Investing is a very personal thing, it has to fit one's life style. That also means that each one of us has to study and develop his investment style. It would be wrong for me to tell you what and when to buy. My recommendation is to read the old GTRs several times until you understand "GilderSpeak." Also read a lot of good investment books. The ones I like include "Reminiscences of a Stock Operator" by Edvin Lefevre, "One Up On Wall Street" by Peter Lynch, "Money" by John Kenneth Galbraith, "Stocks for the Long Run" by Jeremy J. Siegel, "The Gorilla Game" by Geoffrey A. Moore and "The Roaring 2000s" by Harry S. Dent, Jr., and for desert "The Money Game" by 'Adam Smith' (a pseudonym). I think you might want to read them in that order. Of course, if you are in a rush to invest your money, and now we seem to be in a mini-correction (or at least, at the end of the January Effect), you might want to buy the Gilder Nine. The report is available on the GTR forum.

Recently I have been doing a lot of thinking about the "S-Curve." Harry Dent places a lot of emphasis on it in his book "The Roaring 2000s." The argument, in short, is that the lifetime of any product can be divided into three approximately equal periods of time. The first period is when early adopters start buying. The second period is when the product has been acquired by about 10% of the population. The third period is when the market is saturated, at about 90% of market penetration. The first and third periods are of slow growth while the middle period shows very fast growth. In a way this is similar to the "Technology Adoption Life Cycle" in Geoffrey Moore's "The Gorilla Game."

My feeling is that we are at that 10% adoption point in the Telecosm game or paradigm. This means that we have 5 to 10 fabulous years to come (with its inevitable corrections). That is why I don't feel that you have missed out on QCOM or ARMHY, there is plenty time left to buy them. Of course, those of us who bought earlier will earn more from them but the end is still 5 to 10 years away.

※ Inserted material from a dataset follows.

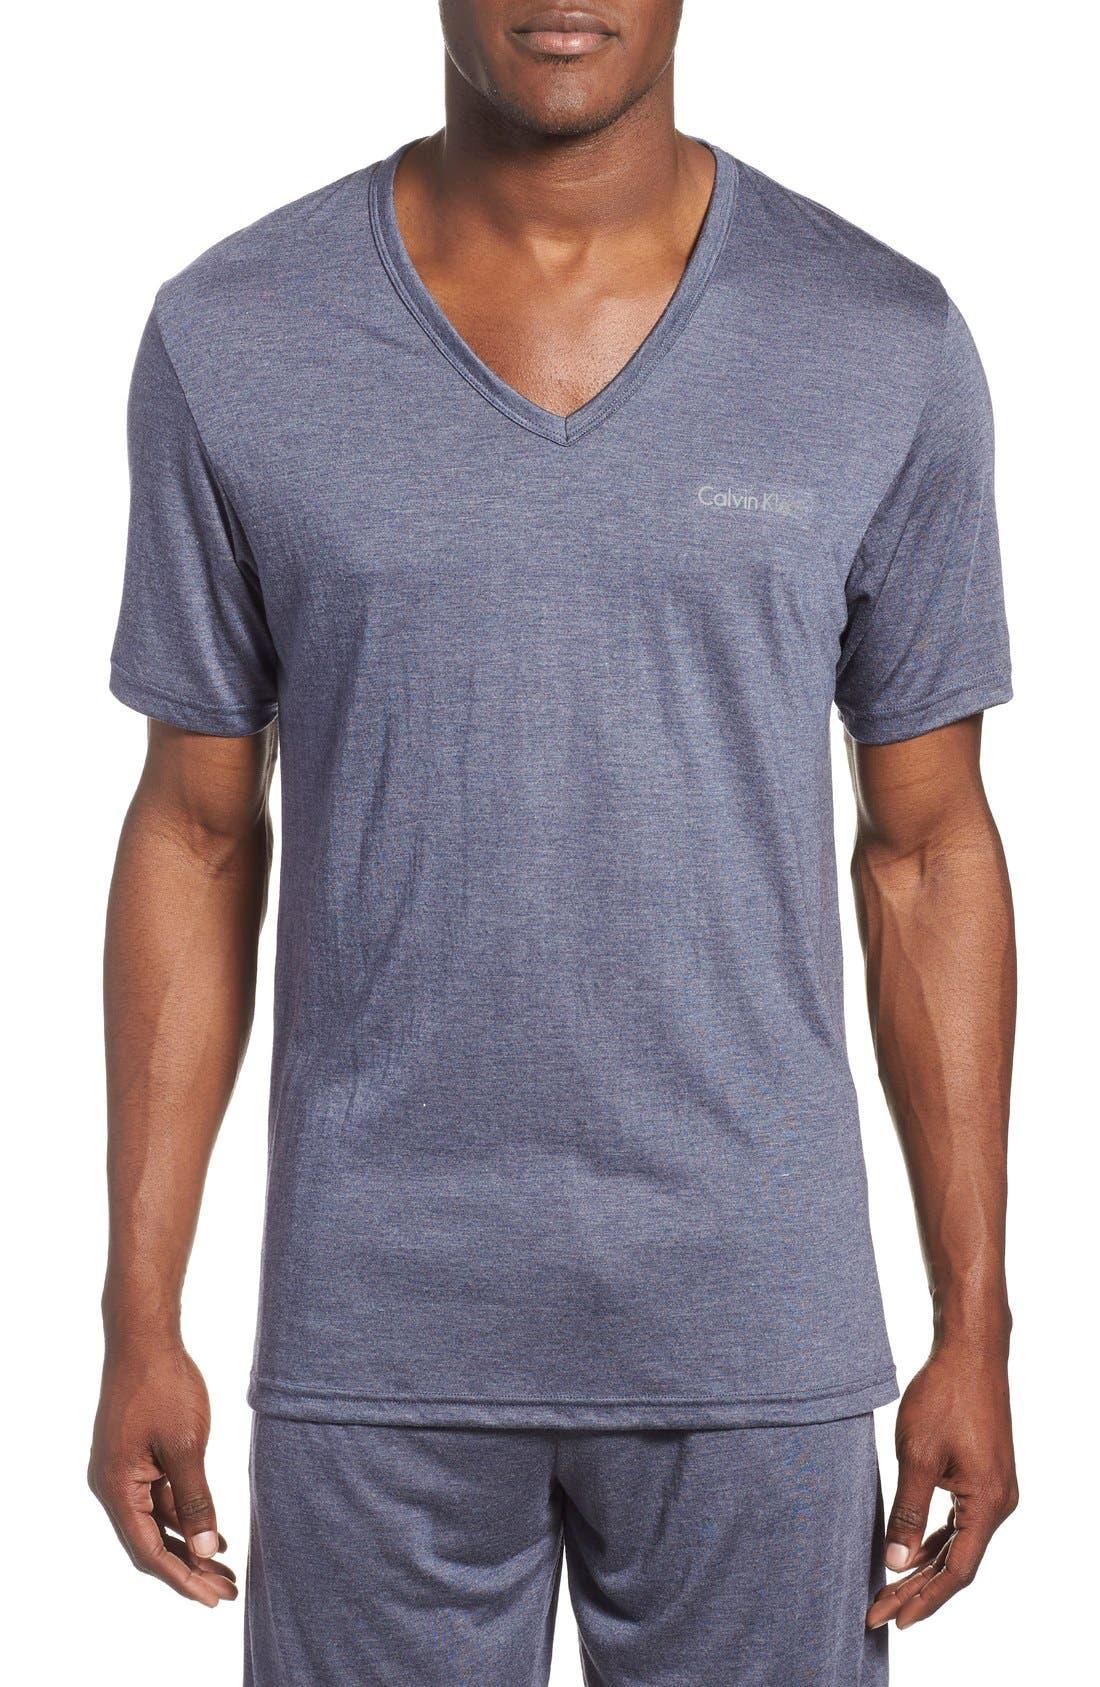 Alternate Image 1 Selected - Calvin Klein 'Liquid Lounge' V-Neck T-Shirt

The companies in the GTR do not walk in lock step. Since I feel that investing too soon is a waste of resources (don't invest before the product reaches the 10% market penetration level), I don't invest in some of them for the time being. For me, a good time to start investing is when a company has had, at least, one or two quarters with positive earnings. I broke this rule when buying GBLX and GSTRF!